I recently broke my rule of posting on my blog at least once a month as I had some other topics and problems to handle in my life, but I'm still alive, still doing graphics programming for a living, so I hope to get back to blogging now. This post is more like a question rather than an answer. It is about creative use of GPU fixed-function hardware. Warning: It may be pretty difficult for beginners, full of graphics programming terms you should already know to understand it. But first, here is some background:
I remember the times when graphics cards were only configurable, not programmable. There were no shaders, only a set of parameters that could control pre-defined operations - transform of vertices, texturing and lighting of pixels. Then, shaders appeared. They evolved by supporting more instructions to be executed and a wider variety of instructions available. At some point, even before the invention of compute shaders, the term “general-purpose computing on GPU” (GPGPU) appeared. Developers started encoding some data as RGBA colors of texture pixels and drawing full-screen quads just to launch calculation of some non-graphical tasks, implemented as pixel shaders. Soon after, compute shaders appeared, so they no longer need to pretend anything - they can now spawn a set of threads that can just read and write memory freely through Direct3D unordered access views aka Vulkan storage images and buffers.

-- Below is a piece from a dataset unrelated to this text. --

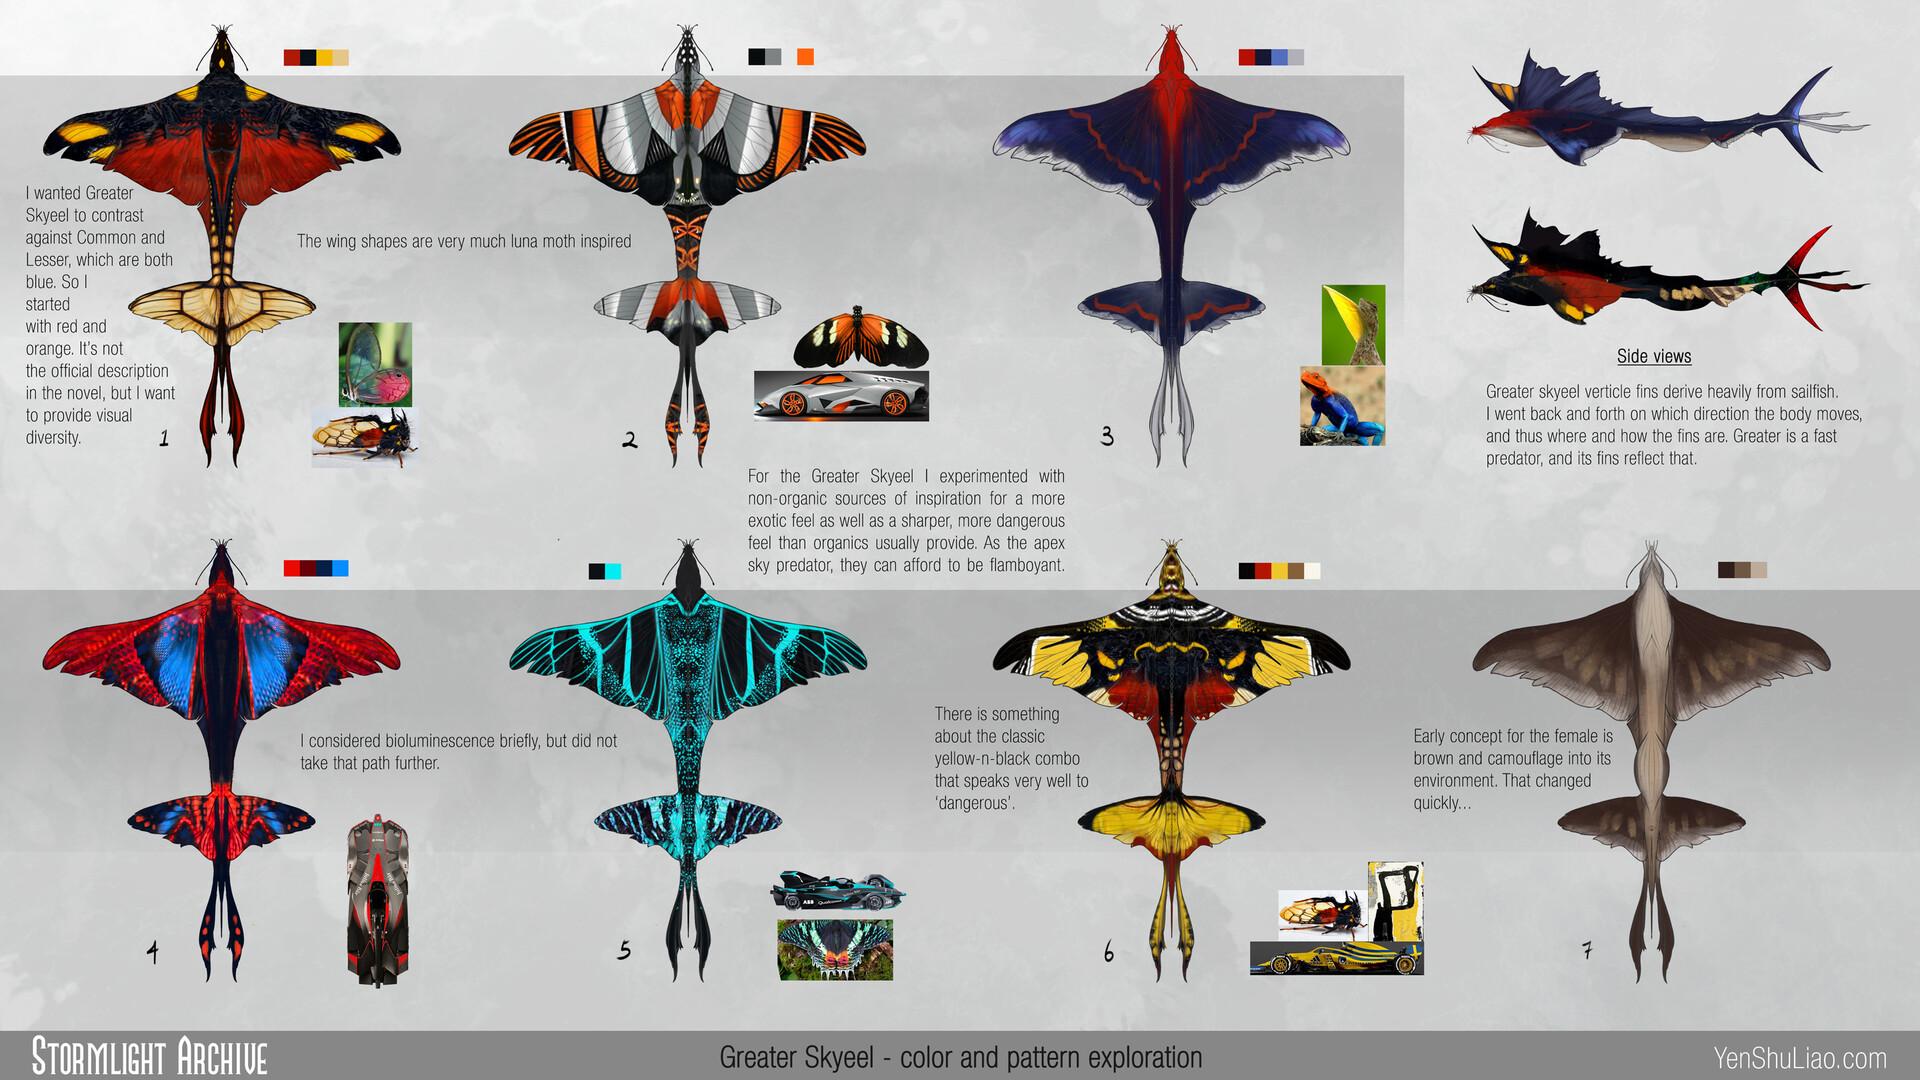 Yen shu liao stormlightarchive skyeel greater creature concept colors yen shu liao

GPUs seem to become more universal over time, with more and more workloads done as compute shaders these days. Will we end up with some generic, highly parallel compute machines with no fixed-function hardware? I don’t know. But Nanite technology from the new Unreal Engine 5 makes a step in this direction by implementing its own rasterizer for some of its triangles, in form of a compute shader. I recommend a good article about it: “A Macro View of Nanite – The Code Corsair” (it seems the link is broken already - here is a copy on Wayback Machine Internet Archive). Apparently, for tiny triangles of around single pixel size, custom rasterization is faster than what GPUs provide by default.
But in the same article we can read that Epic also does something opposite in Nanite: they use some fixed-function parts of the graphics pipeline very creatively. When applying materials in screen space, they render a full-screen pass per each material, but instead of drawing just a full-screen triangle, they do a regular triangle grid with quads covering tiles of NxN pixels. They then perform a coarse-grained culling of these tiles in a vertex shader. In order to reject one, they output vertex position = NaN, which makes a triangle incorrect and not spawning any pixels. Then, a more fine-grained culling is performed using Z-test. Per-pixel material identifier is encoded as depth in a depth buffer! This can be fast, as modern GPUs apply “HiZ” - an internal optimization to reject whole groups of pixels that fail Z-test even before their pixel shaders are launched.
This reminded me of another creative use of the graphics pipeline I observed in one game a few years ago. That pass was calculating luminance histogram of a scene. They also rendered a regular grid of geometry in screen space, but with “point list” topology. Each vertex was sampling and calculating average luminance of its region. On the other end, the histogram texture of Nx1 pixels was bound as a render target. Measured luminance of a region was returned as vertex position, while incrementation of the specific place on the histogram was ensured using additive blending. I suspect this is not the most optimal way of doing this, a compute shader using atomics could probably do it faster, but it surely was very creative and took me some time to figure out what that pass is really doing and how is it doing it.
After all, GPUs have many fixed-function elements next to their shader cores. Vertex fetch, texture sampling (with mip level calculation, trilinear and anisotropic filtering), tessellation, rasterization, blending, all kinds of primitive culling and pixel testing, even vertex homogeneous divide... Although not included in the calculation of TFLOPS power, these are real transistors with compute capabilities, just very specialized. Do you know any other smart, creative uses of them?